I am asked to verify that tpx00 (the probability of being in state 0 at time t if starting in state 0 at time 0) = (10e^-0.03t + e^-0.25t) / 11

I am confused because there can be infinite transition from 0 to 1, back to 0, then back to 1 , over and over again as long as the final transition is to state 0. So how do I account for this and derive the above equation?

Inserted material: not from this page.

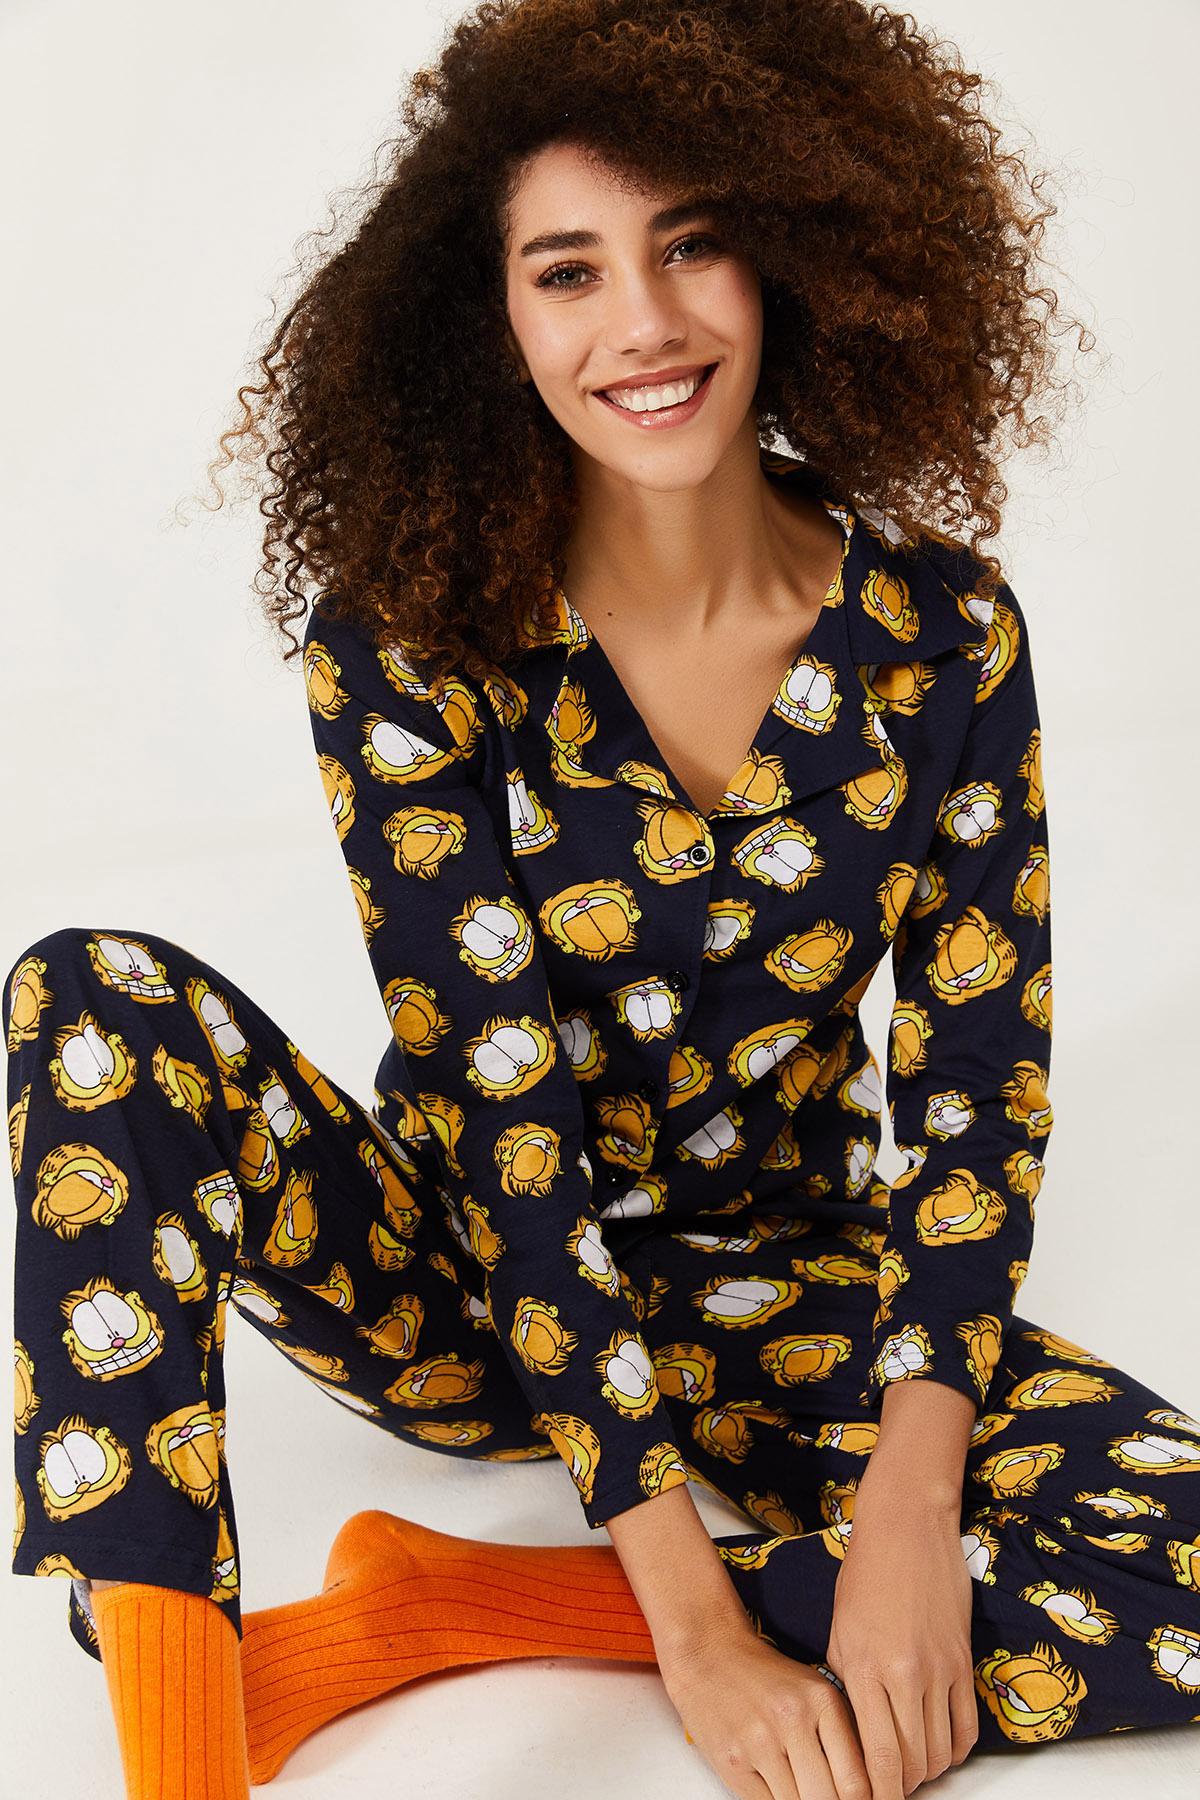 XHAN - Lacivert Garfield Baskılı Örme Pijama Takımı 1KXK8-44580-14

Any help would be immensely appreciated!!!

Answer 1

If i correctly understand the situation, $2$ is an absorbing state, and we have a Markov chain with matrix $$ A=\begin{bmatrix} \frac{19}{20} & \frac{1}{20} & 0 \\ \frac{2}{25} & \frac{77}{100} & \frac{3}{20} \\ 0 & 0 & 1 \end{bmatrix}\ . $$ The solution with a program like sage is as follows:

sage: A = matrix( QQ, 3,3,[ 0.95, 0.05, 0, 0.08, 0.77, 0.15, 0, 0, 1 ] )
sage: var('t');
sage: v = vector( QQ, [1,0,0] )
sage: v * A^t * v
10/11*97^t/100^t + 1/11*3^t/4^t

Why?

The given matrix is diagonalizable, its diagonal / Jordan form is the following one, sage again (in this century, life is too short else):

sage: J, S = A.jordan_form(transformation=True)
sage: J
[     1|     0|     0]
[------+------+------]
[     0|97/100|     0]
[------+------+------]
[     0|     0|   3/4]
sage: S
[  1   1   1]
[  1 2/5  -4]
[  1   0   0]
sage: A == S*J*S.inverse()
True

This represents $A$ as follows: $$ A = SJS^{-1}\ ,$$ where $S$ is the above invertible matrix, and $J$ is diagonal with eigenvalues $1$, and $97/100=0.97$, and $3/4=0.75$. After $t$ steps, the transition matrix (from the initial state) is $$ \begin{aligned} A^t &= (SJS^{-1})^t \\ &=\underbrace{(SJS^{-1})\ (SJS^{-1})\ \dots\ (SJS^{-1})}_{t\text{ times}} \\ &=SJ\ S^{-1}S\ J\ S^{-1}S\ \dots\ S^{-1}S\ J \ S^{-1} \\ &=SJ\ \ J\ \ \dots\ \ J \ S^{-1} \\ &=SJ^tS^{-1} \\ &= \begin{bmatrix} 1 & 1 & 1 \\ 1 & \frac{2}{5} & -4 \\ 1 & 0 & 0 \end{bmatrix} \begin{bmatrix} 1 & 0 & 0 \\ 0 & \frac{97}{100} & 0 \\ 0 & 0 & \frac{3}{4} \end{bmatrix}^t \begin{bmatrix} 0 & 0 & 1 \\ \frac{10}{11} & \frac{5}{22} & -\frac{25}{22} \\ \frac{1}{11} & -\frac{5}{22} & \frac{3}{22} \end{bmatrix} \\ &= \begin{bmatrix} 1 & 1 & 1 \\ 1 & \frac{2}{5} & -4 \\ 1 & 0 & 0 \end{bmatrix} \begin{bmatrix} 1^t & 0 & 0 \\ 0 & \left(\frac{97}{100}\right)^t & 0 \\ 0 & 0 & \left(\frac{3}{4}\right)^t \end{bmatrix} \begin{bmatrix} 0 & 0 & 1 \\ \frac{10}{11} & \frac{5}{22} & -\frac{25}{22} \\ \frac{1}{11} & -\frac{5}{22} & \frac{3}{22} \end{bmatrix} \end{aligned} $$ We only need now the entry on the position $(1,1)$ of the above matrix $A^t$, written explicitly. (Here the upper index $t$ is a power.)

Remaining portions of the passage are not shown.